Relying on Law, Chief Bankruptcy Judge Carl L. Bucki of Buffalo, N.Y., held that a debtor was entitled to a homestead exemption, although she made the claim 19 years after receiving a chapter 7 discharge.
The debtor-to-be owned her home in fee simple. In 1992, she recorded a deed where she retained a life interest but transferred the remainder interest to her children jointly. In 1998, at age 77, she filed a petition and got a discharge the same year. She did not schedule her life estate among her assets. Unaware of the home, the trustee reported a “no asset” case.
In 2016 the woman and her children sold the property to a third party in a sale that generated $50,000 in net proceeds, Judge Bucki said in his March 22 opinion. The buyer objected to the quality of title, forcing the sellers to put the proceeds in escrow.
To clear up title, the debtor retained new counsel, who reopened her 1998 bankruptcy in 2017 and amended her schedules to show the life estate and to claim the New York homestead exemption, which was $10,000 in 1998. The trustee and the debtor, then age 96, agreed that the actuarial value of the life estate was about $32,000 in 1998.
The trustee objected to the exemption, contending that the debtor acted in bad faith and that creditors were prejudiced by the 19-year delay in generating estate assets. Although it apparently did not factor much in Judge Bucki’s decision, the debtor’s counsel argued that the debtor made an innocent mistake because she did not understand the concept of a life estate.
Rather than focusing on the debtor’s culpability, Judge Bucki said the decision turned on Law. He focused on the high court’s statement that Section 522 “does not give courts discretion to grant or otherwise withhold exemptions based on whatever consideration they deem appropriate . . . . [T]he court may not refuse to honor the exemption absent a valid statutory basis for doing so.”
Although Law dealt with surcharging an exemption and the case at hand sought to deny an exemption, the “distinction is without consequence,” Judge Bucki said.
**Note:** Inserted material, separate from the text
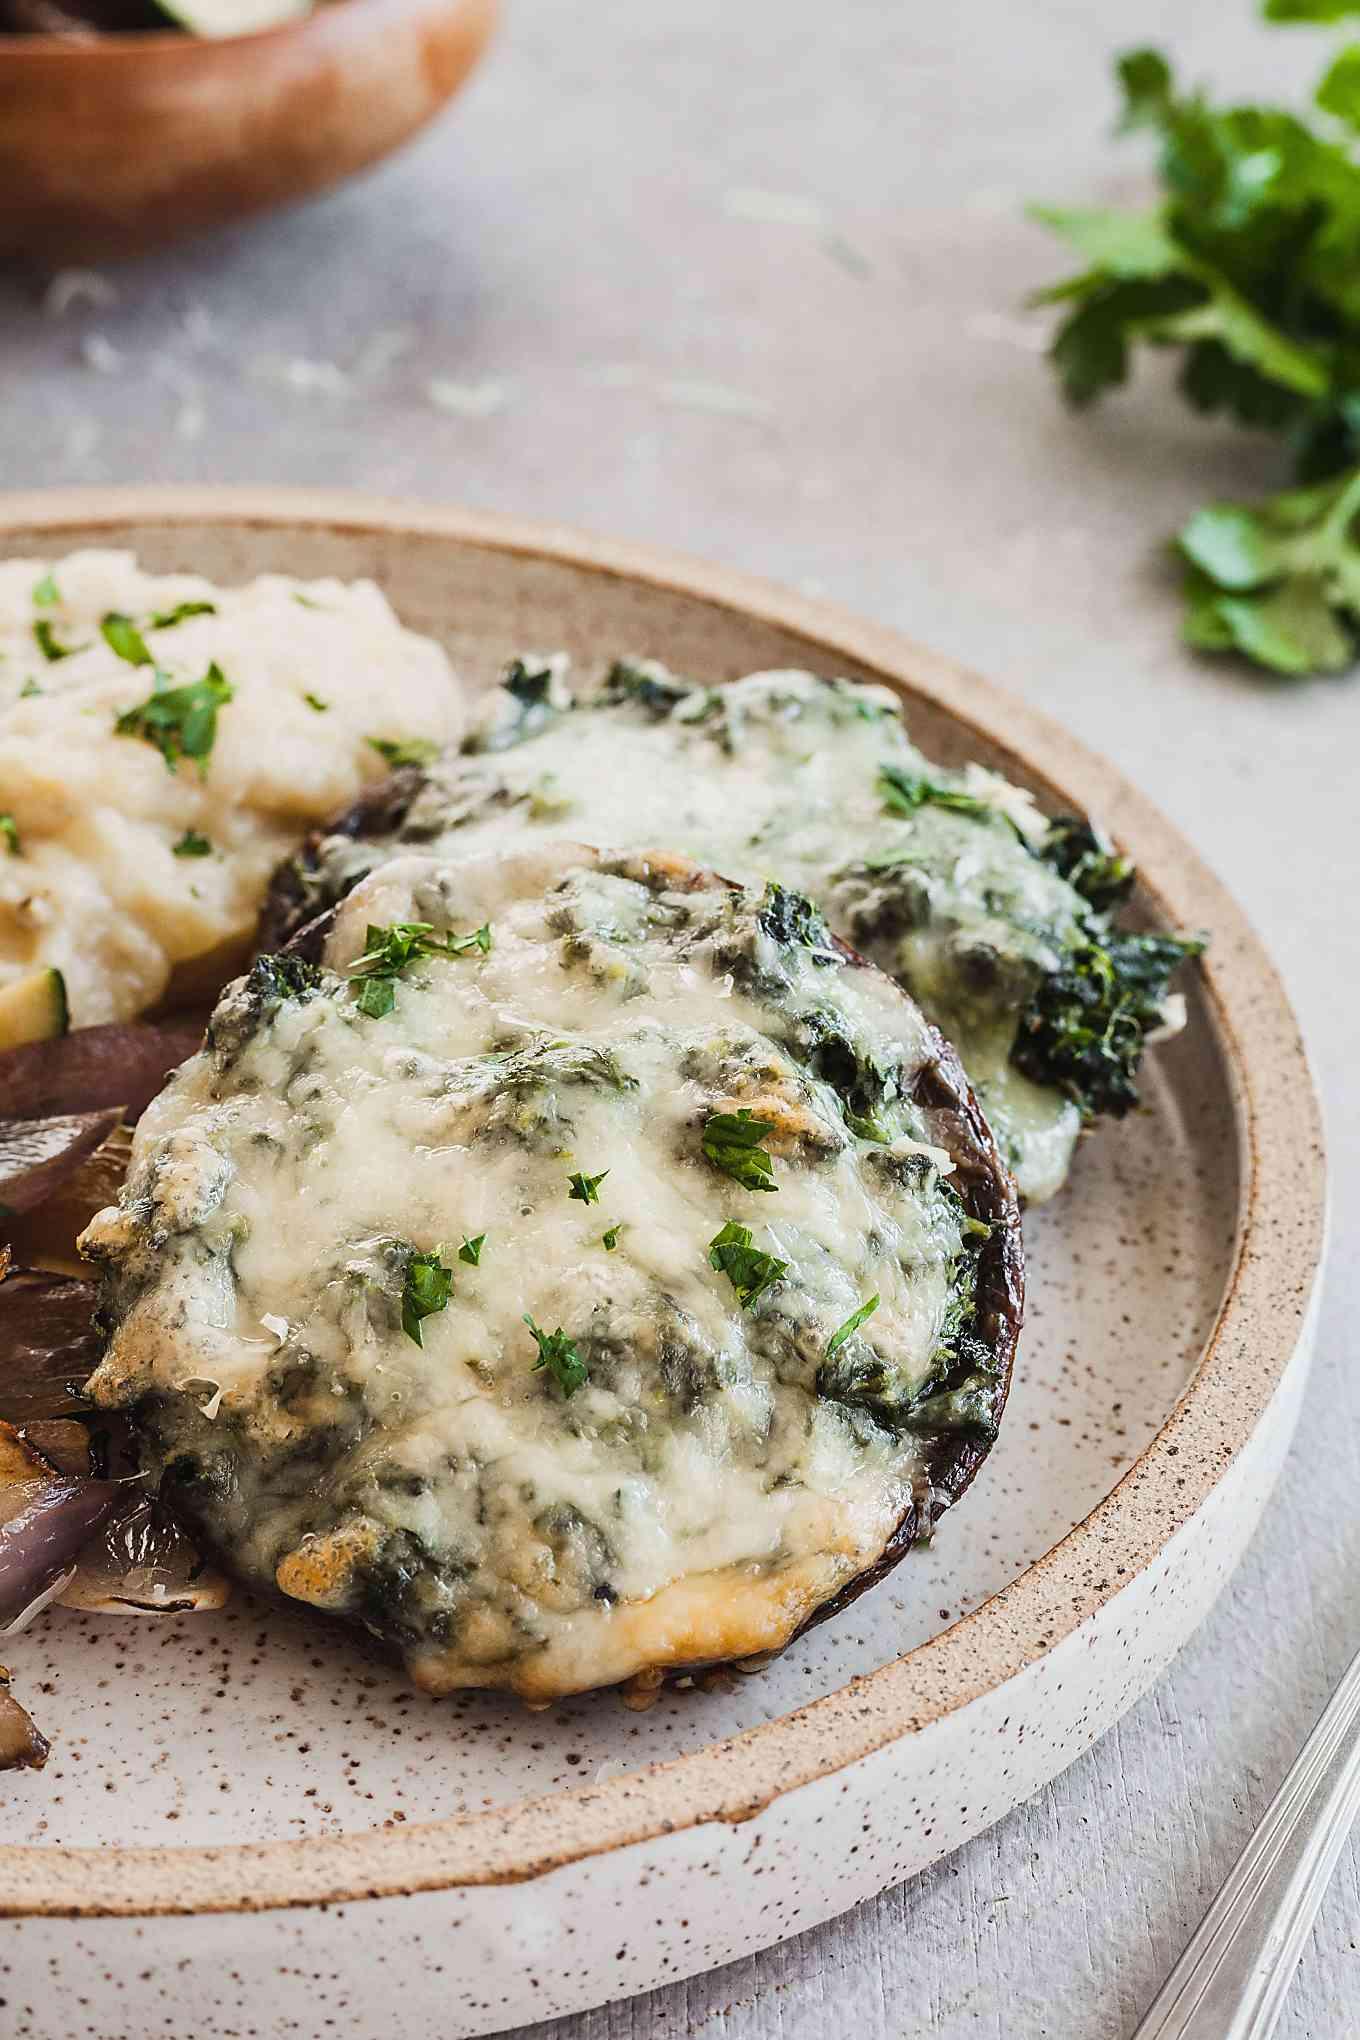 spinach stuffed portobello mushrooms on a speckled plate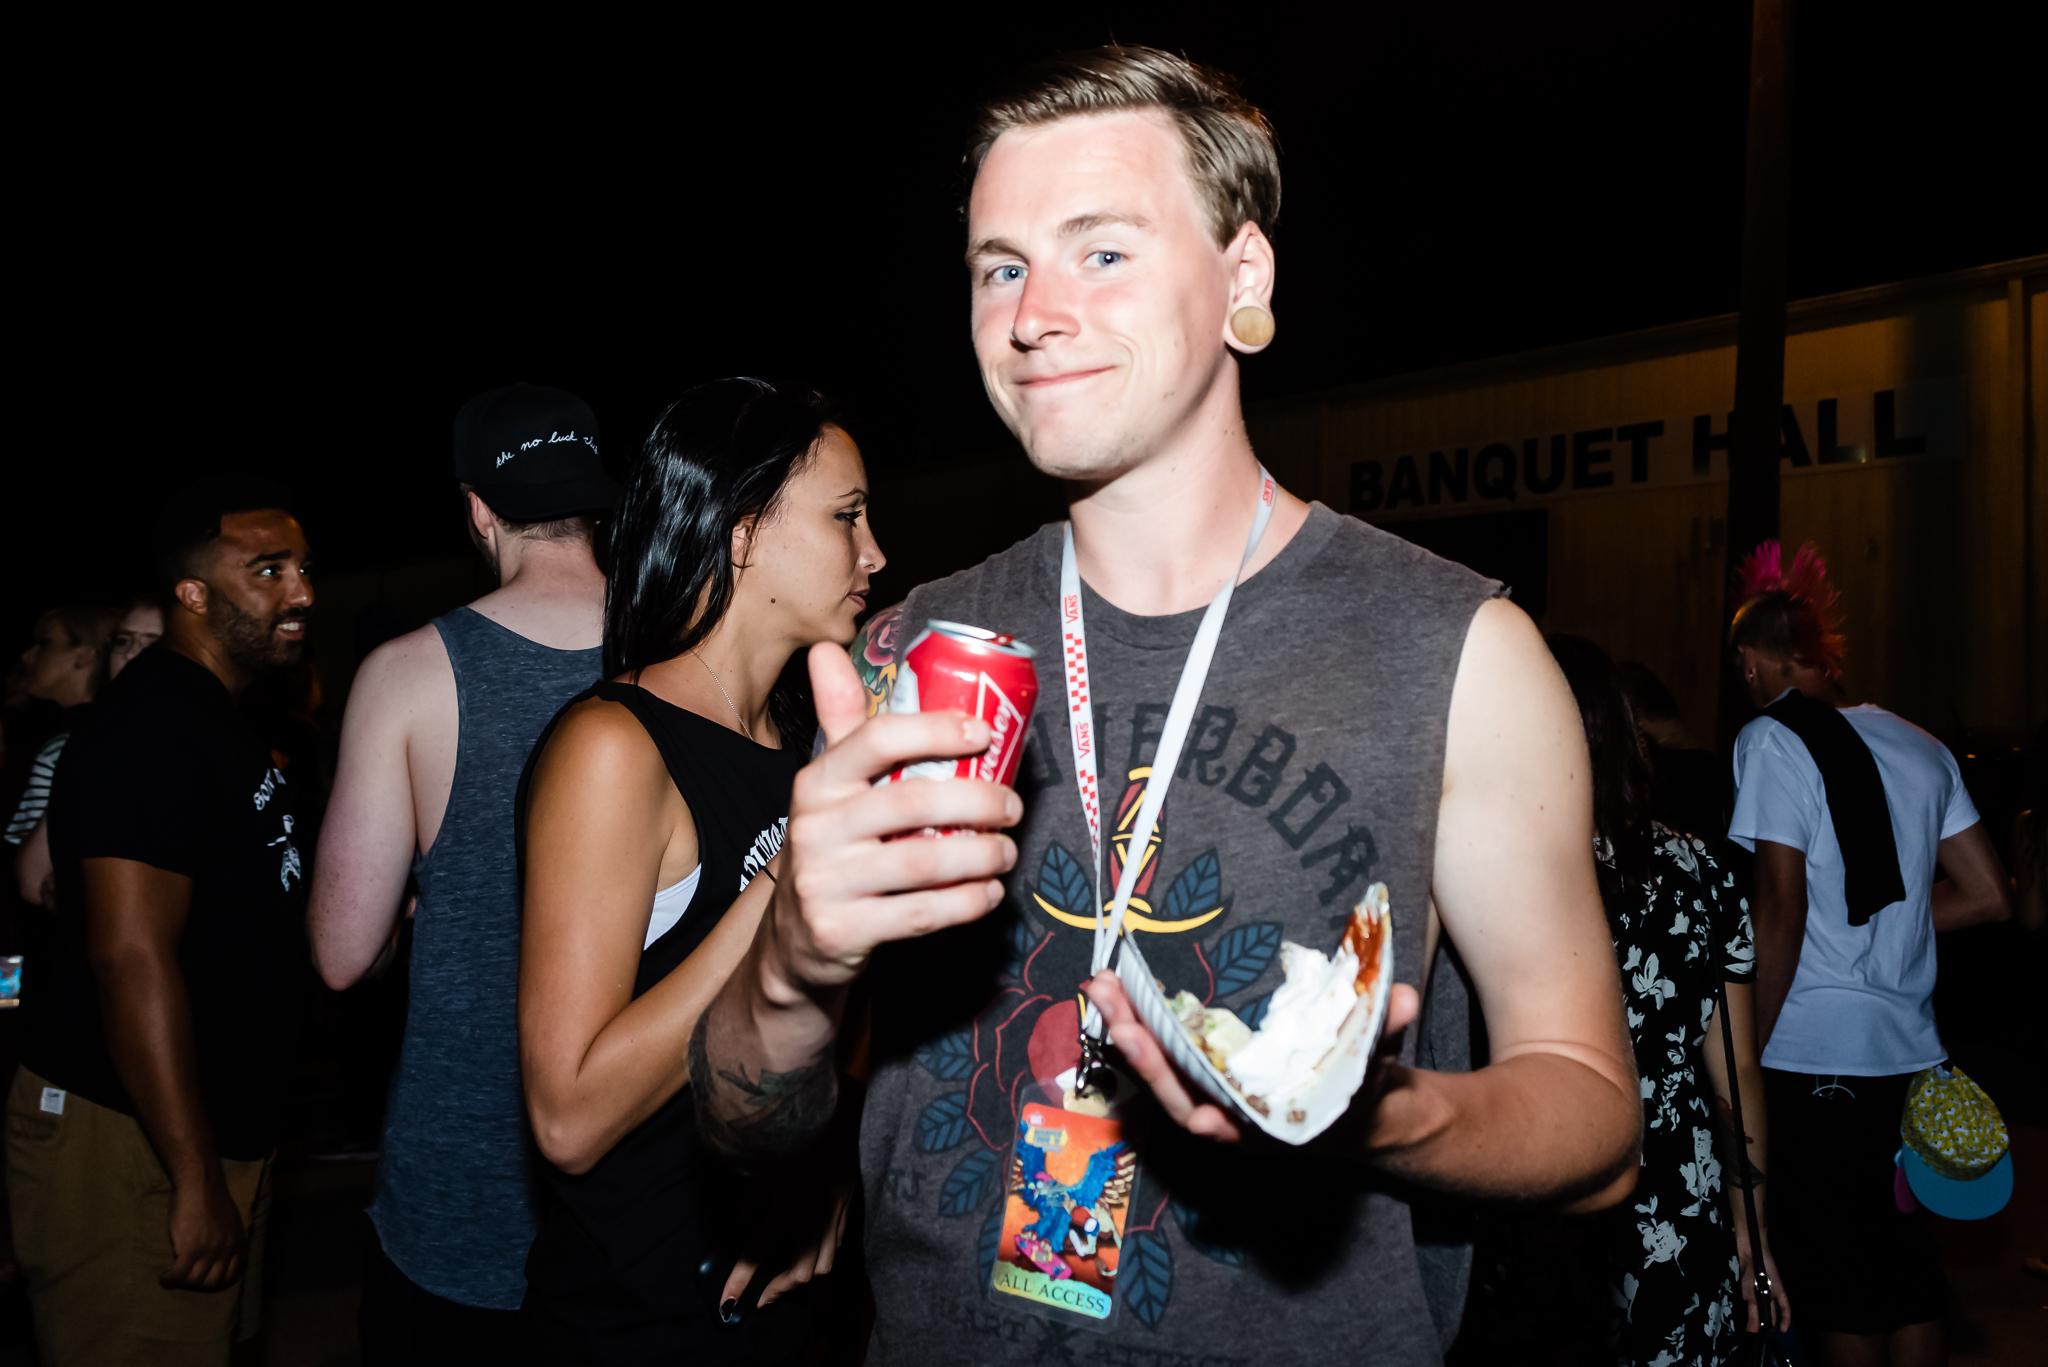 Luke of Like Pacific / 6/29/16 / Vans Warped Tour / Nashville, TN

Either “characterization seeks the same outcome of depriving the debtor of a statutory right . . . even now, many years after the order for relief.”
Judge Bucki also cited dicta in Law for the proposition that the allegedly fraudulent concealment of an asset is no bar to allowing an exemption.
Judge Bucki declined to follow cases where courts required debtors to show excusable neglect when seeking to amend exemptions in reopened cases. Citing the Ninth Circuit Bankruptcy Appellate panel, he said that Bankruptcy Rule 9006(b) does not apply because the Code does not require the amendment of schedules within a specified time.
Allowing the debtor a $10,000 homestead exemption, Judge Bucki did not lay down a hard and fast rule. He said that his opinion “does not address the possibility that in some unusual circumstances, a debtor may be estopped from claiming an exemption.”